We arrived in Phnom Penh around dinner time and after checking in decided to head out on the town. We ate at the FCC (foreign correspondents club), the site where many foreign correspondents ate and lived during the Vietnam War and after. Phnom Penh, more than anywhere we had been, bears the scars of a country of recent civil war, and only recent investment from the West. There were homeless people on the streets, several men offered us drugs and/or girls under there breaths as we walked by and the streets were only lit occasionally – all which lead to Sarah being slightly terrified! However, Eddie and Shane were determined to press on and see the city so after dinner we stopped at a bar for some drinks. We ended up having a wonderful time and meeting several foreign travelers as well as Cambodians. The Cambodian people are extremely warm, have a wonderful sense of humor, and actually speak better English than anywhere we have visited in SE Asia! It struck us, however, that they have a complex relationship with tourists and the West. While they depend on us for their livelihood, they are largely exploited by us—generally; tourists come to see evidence of their recent genocide and/or sex (at least to Phnom Penh). But all of this actually made spending a few hours with both native guys and girls at a bar among other Western travelers an experience neither of us will forget.
The next morning we started our day of touring Phnom Penh, the capital of Cambodia. We began at the Royal palace, the Kings residence. It was built by the French in 1866 then rebuilt in 1917 in traditional Khmer style to symbolize their independence from France. Behind the palace is the silver pagoda which used to house the Emerald Buddha. Several of the smaller statues had been stolen by the Khmer Rouge to be sold but many of the larger ones still remained and it is a holy place for the Cambodian people and the King.
After the palace we began learning more about the Pol Pot regime, the Khmer Rouge and the genocide that lasted from 1975-1978 (although the Khmer Rouge continued guerrilla warfare against the government until the early 1990s). We began at S21 (security prison 21) that was housed at the Tuol Sleung primary school. The school complex was divided into 4 areas and the prisoners were divided into VIP (receiving the most torture) and mass detention cells. Only 7 people survived this prison and the atrocities that Pol Pot and the Khmer Rouge committed were the worst acts of torture and hatred that any of us had encountered. Pol Pot had studied the philosophy of Marx and was aiming for an entirely equal society therefore anyone with any education whatsoever (education was determined by those who could write to 10 and those who could not!!) was tortured and killed. It was truly horrible and disastrous for the country with absolutely no redeeming aspects. As mentioned above, and as expected, this continues to shape the way Cambodians interact with each other and outsiders. Most Cambodians have lost many relatives as nearly 35% of the population was executed or died of starvation. In many ways, Cambodians seemed to have the most acute sense of human nature and the importance of maintaining a sense of humor through it all. I think we both learned a lot from our time there.

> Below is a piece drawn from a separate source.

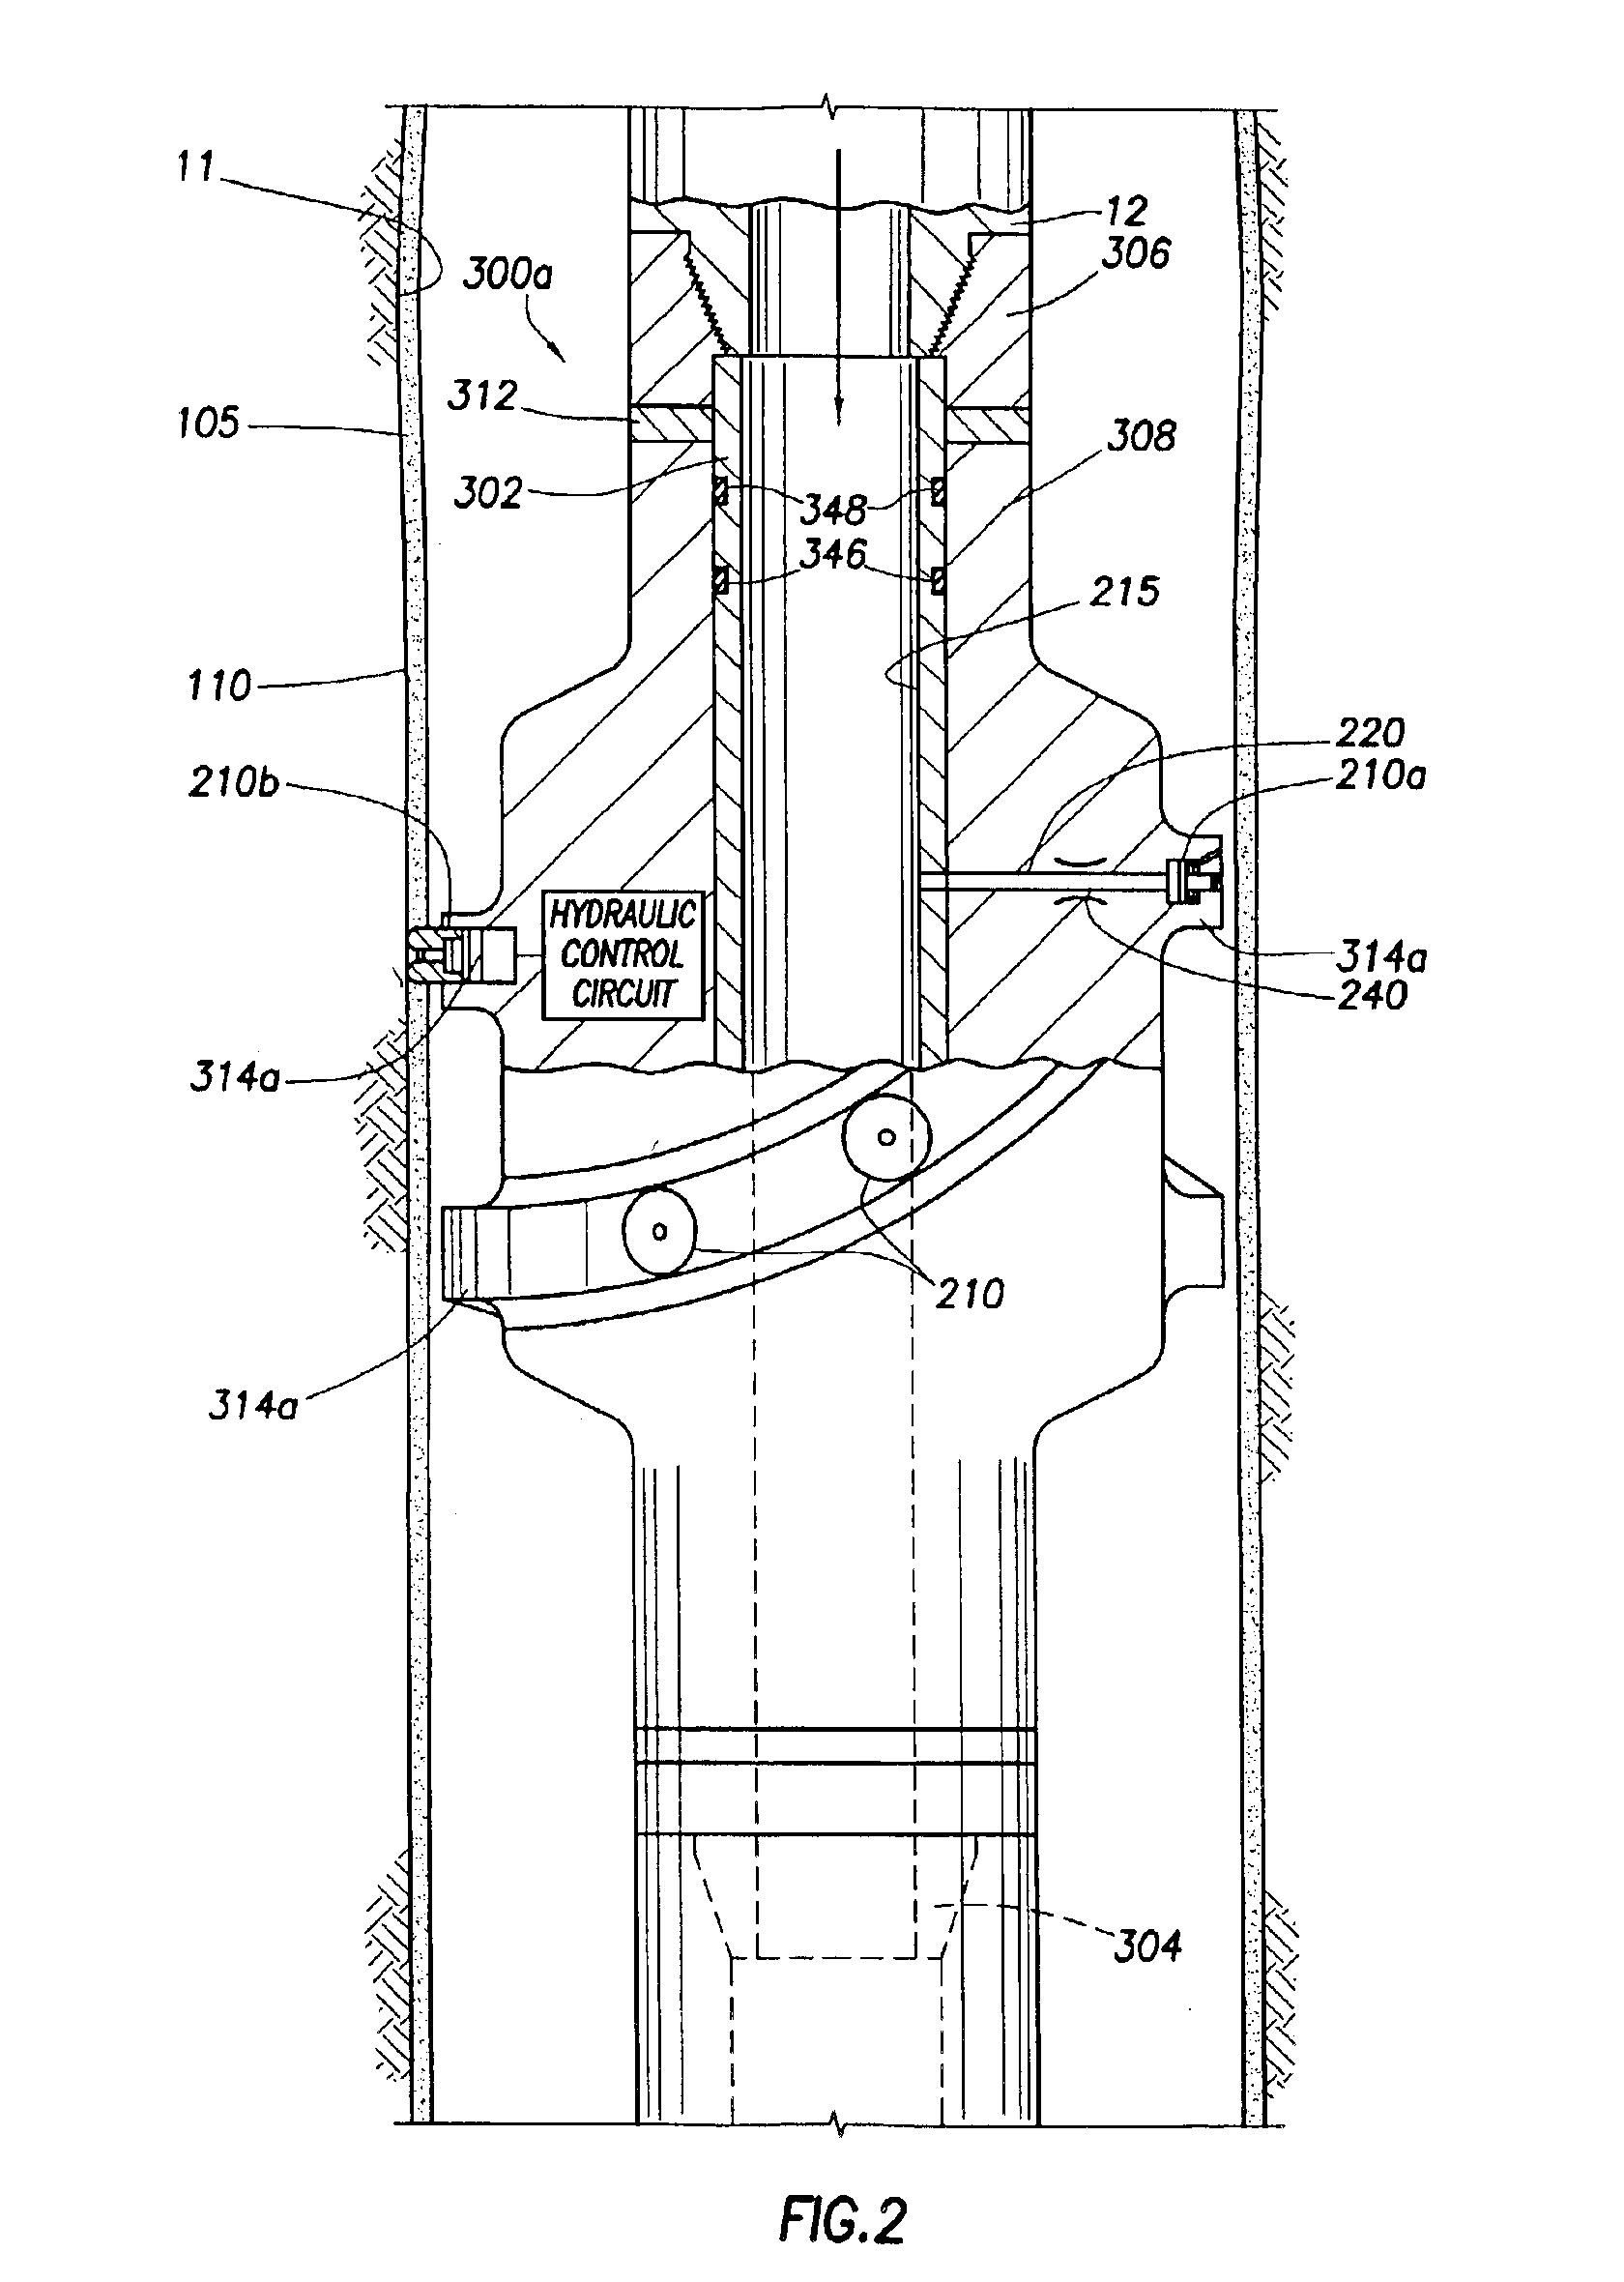 Method and apparatus for determining downhole pressures during a drilling operation
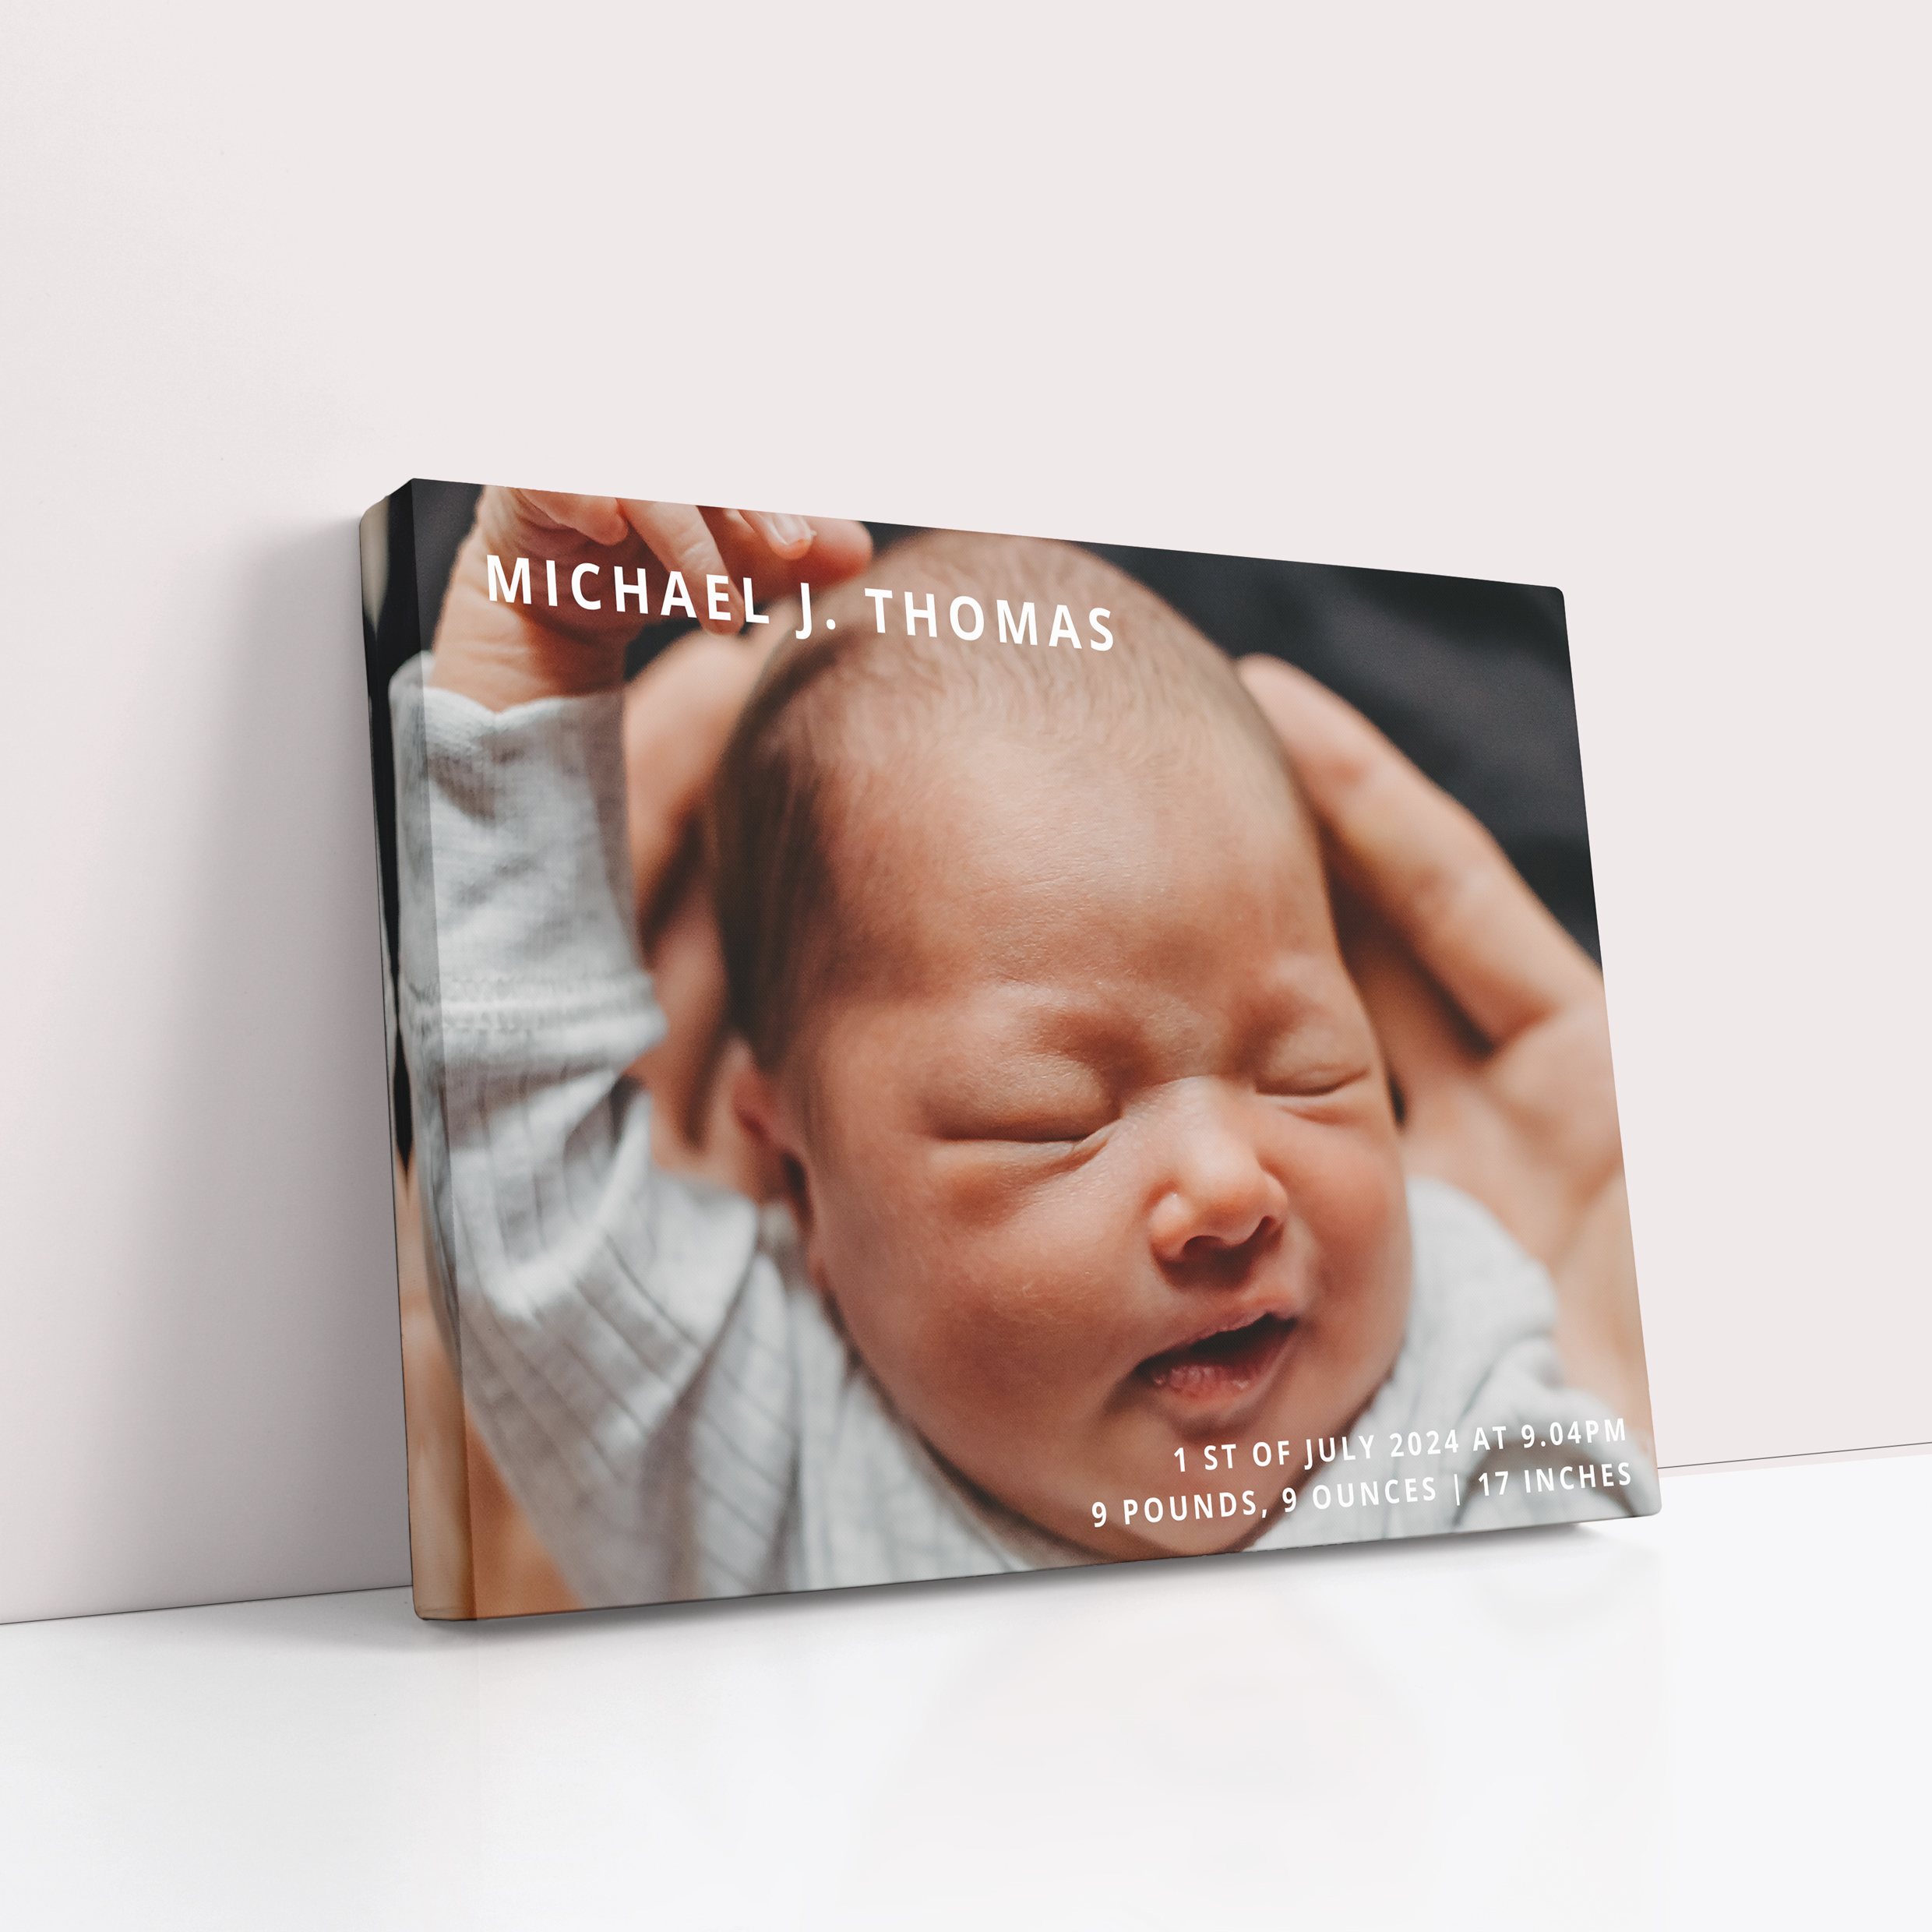 Child's Portrait Personalised Stretch Canvas Print - Capture childhood innocence with one cherished photo

To continue the depressing tour of this side of Cambodia’s past, we visited the killing fields. This is where prisoners were taken, once the prisons were too full, to be killed in gruesome ways. You could still see scraps of clothing in the ground and pieces of teeth and bone sticking up. There were several mass graves that were marked and a large memorial had been erected, full of the skulls that were found here after the Khmer Rouge fled the city. It was sobering to say the least.
We continued on to the Russian market. Every city in Asia seems to have one of these markets where you can buy anything you could ever possibly want, and everything there is a fake. It is amazing! After the market, and lunch, we went to the center of the city where a large, man-made hill exists with Wat Phnom on top of it. It is the reason for the name of the city and features a large pagoda (Buddhist temple) built in 1372.
After our touring we returned to the hotel to relax at the pool, grabbed dinner at a local noodles restaurant and returned to the hotel in time for Eddie to head to the airport. Shane and I left the next morning for southern Thailand.